Fifteen-hundred years of progress were therefore stifled by the Christian Church. Were it not for religious persecution and oppression of science, mankind might have landed on the moon in the year 650AD. Cancer may ahve been eradicated forever by the year 800AD. And heart disease may, today, be unknown. But Christianity put into deep hibernation Greek and Egyptian scientific gains of the past.

Historically, the Church fought venomously against each scientific advance. But after fruitlessly criticizing each new scientific achievement, the Church soon flip-flopped its position and embraced the new discovery as a "gift from God to mankind." The Catholic hierarchy even opposed the invention of the printing press because copies of Scripture could be easily mass produced and placed in the hands of those who might misinterpret or criticize "God's Word." Before the printing press, Scripture had been read and deciphered only by Catholic priests.

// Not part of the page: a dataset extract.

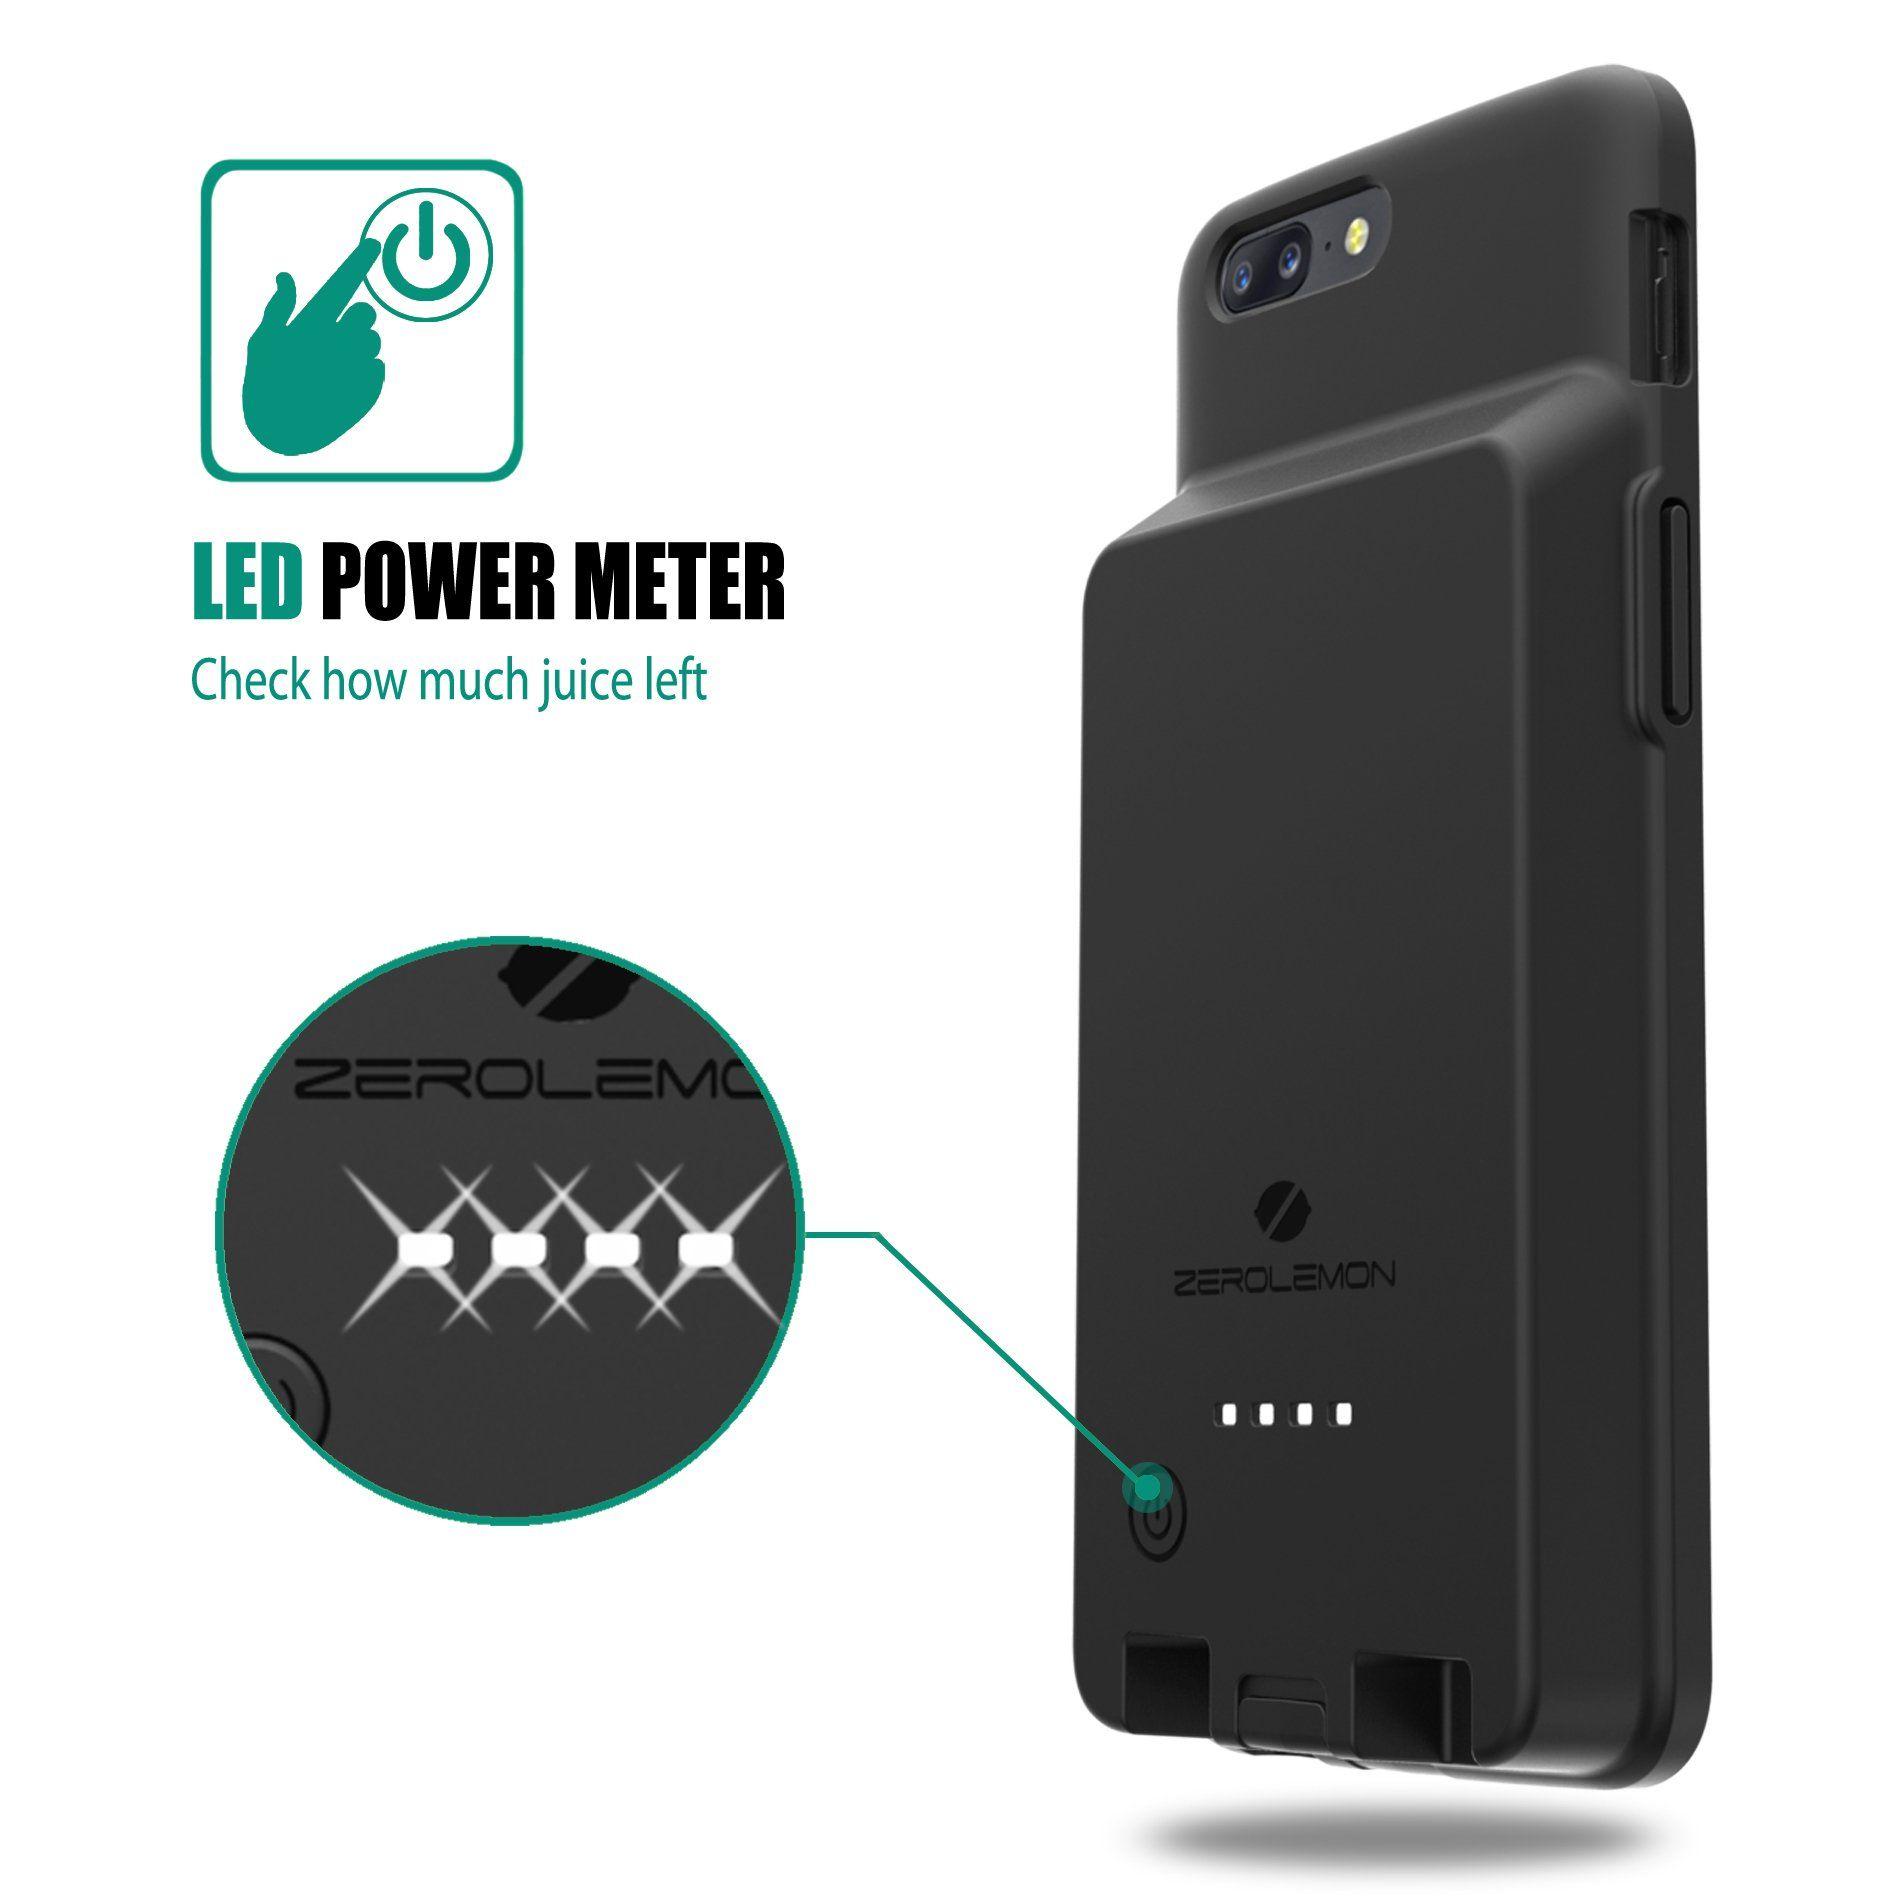 new arrival 595ed 00c4c OnePlus 5 Battery Case ZeroLemon Ultra Power OnePlus 5 8000mAh ...

The Church angrily denounced the introduction of medicines, antibiotics, anesthesia, surgery, blood transfusions, birth control, transplants, in vitro fertilization, and most forms of pain killers. Supposedly, these scientific tools interfered with nature and were therefore against God's will. Today, the Church is fighting cloning technology and genetic engineering. But when cloning laboratories provide an unlimited supply of trasnplant tissue for dying children, and when genetic engineering cures all forms of cancer, Church leaders will once again forget their initial opposition and hail these achievements as evidence of God's love for mankind. Today, science is prevailing, but throughout most of recorded history, religion strangled scientific inquiry and often tortured and executed those who advocated the scientific method."